Хуже того, речь не только о моем отвращении к иглам. У меня от природы нет дара ухаживать за больными. Не представляю, способен ли я на это. Мне неловко рядом с болезнью, а чья-то боль стесняет еще сильнее. Моя логика всегда была таковой: я затем и зарабатываю деньги, чтобы этими проблемами занимался кто-то другой. Ближе всего я столкнулся с болезнью, когда отец страдал раком. Но хотя я испытал эмоциональный стресс, сознавая, как он угасает и уходит из жизни, меня не коснулась грязная сторона недуга, а тронула лишь печаль происходящего.
С печалью я справиться мог.
А с остальным… скорее всего нет.
Но когда речь зашла о Нортоне, я попробовал. Старался изо всех сил. Однако эта совершенная против моей природы попытка оказалась фиаско (касалось ли это кота или всего остального).
Мы были в городе, и я задумался о капельнице и всем, что связано с вливаниями. Решил, что могу это сделать. Должен. Турецкий мне все показал, а затем еще женщина из его клиники. Со стороны все выглядело просто. Нортон как будто не возражал, чтобы его кололи. Мне дали ценный совет: предупредили, если жидкость слишком холодная, она, попадая в организм, вызывает у кошки шок. Поэтому до начала процедуры резервуар капельницы надо на несколько минут положить в раковину с горячей водой. Это облегчит процесс.

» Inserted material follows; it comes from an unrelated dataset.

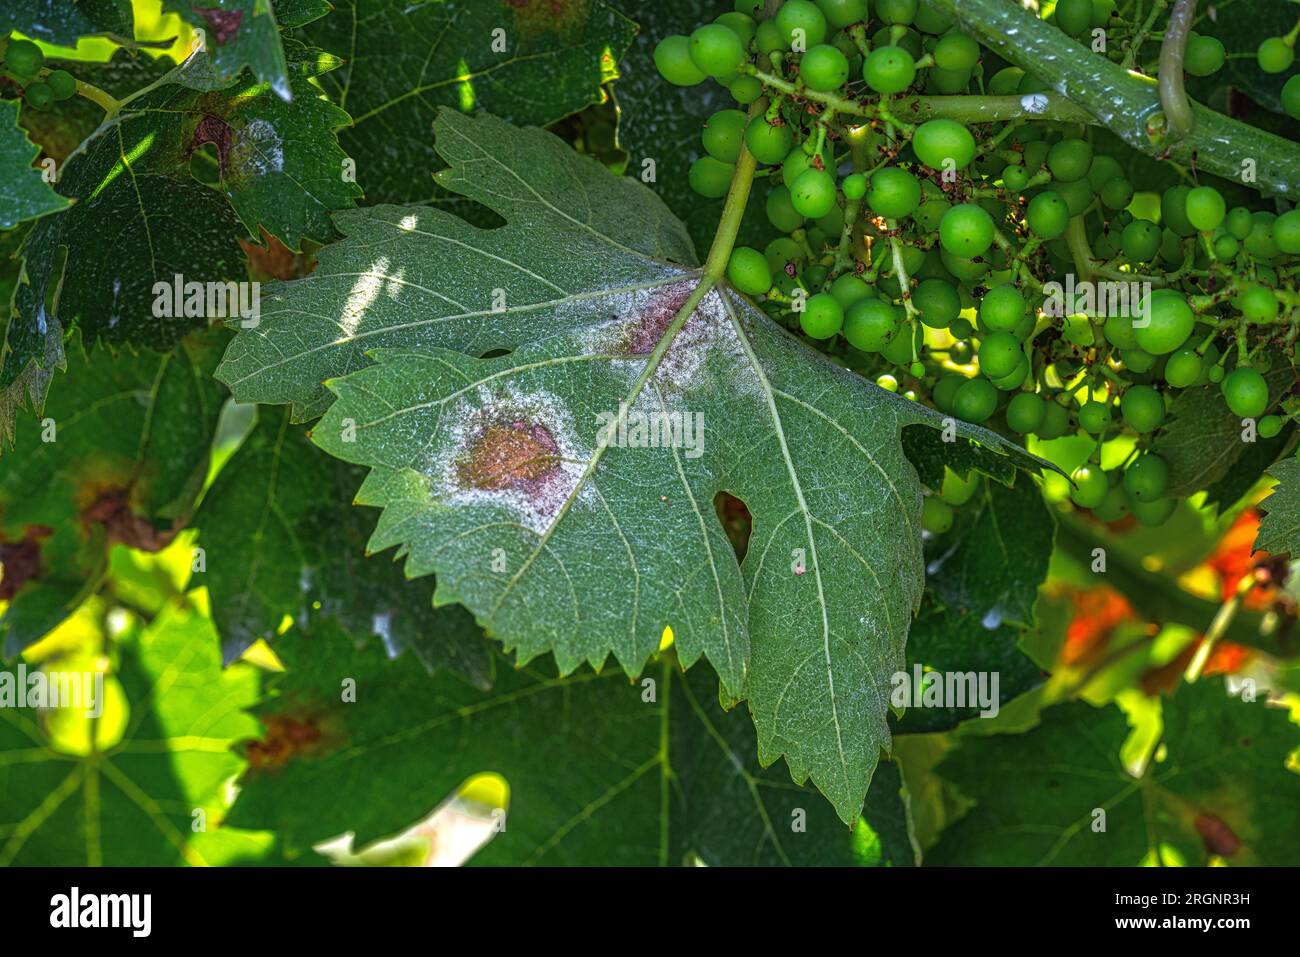 Viñedo infectado con plasmopara viticola, una peligrosa enfermedad de la uva. Foto de stock

Приняв решение, я на всех парах (физраствора) рванул вперед и первым делом налил в раковину в ванной горячей воды, опустил туда на пять минут капельницу, затем вынул. Коснулся поверхности резервуара, и мне показалось, что я его перегрел. Вздохнул, мучаясь сомнениями: что, если я обожгу внутренности кота?
Чуть не бросил затею, но решил довести до конца. Оставил пакет на пару минут на воздухе и опять потрогал. Теперь — слишком холодный. Снова поместил в горячую воду. Так и стоял, трогая каждые пятнадцать секунд. Наконец решил, что температура подходящая. Вытер капельницу полотенцем и тут понял, что еще не начал, а меня уже клонит в сон.
Теперь представьте, как все происходило. Я иду к обеденному столу, потому что по какой-то непонятной причине мне пришло в голову, что это самое подходящее для процедуры место. Кладу на него наплечную сумку, в которой ношу Нортона, потому что ее вид успокаивает кота. А на нее — Нортона. Он удивлен, но не сопротивляется. Наоборот, успокаивается — разваливается и вытягивает задние лапы назад, передние — перед собой. И, принимая вид сфинкса, находит, что ему в этой странной позе удобно. Тем лучше. Я пока еще не очень устал, но обливаюсь потом.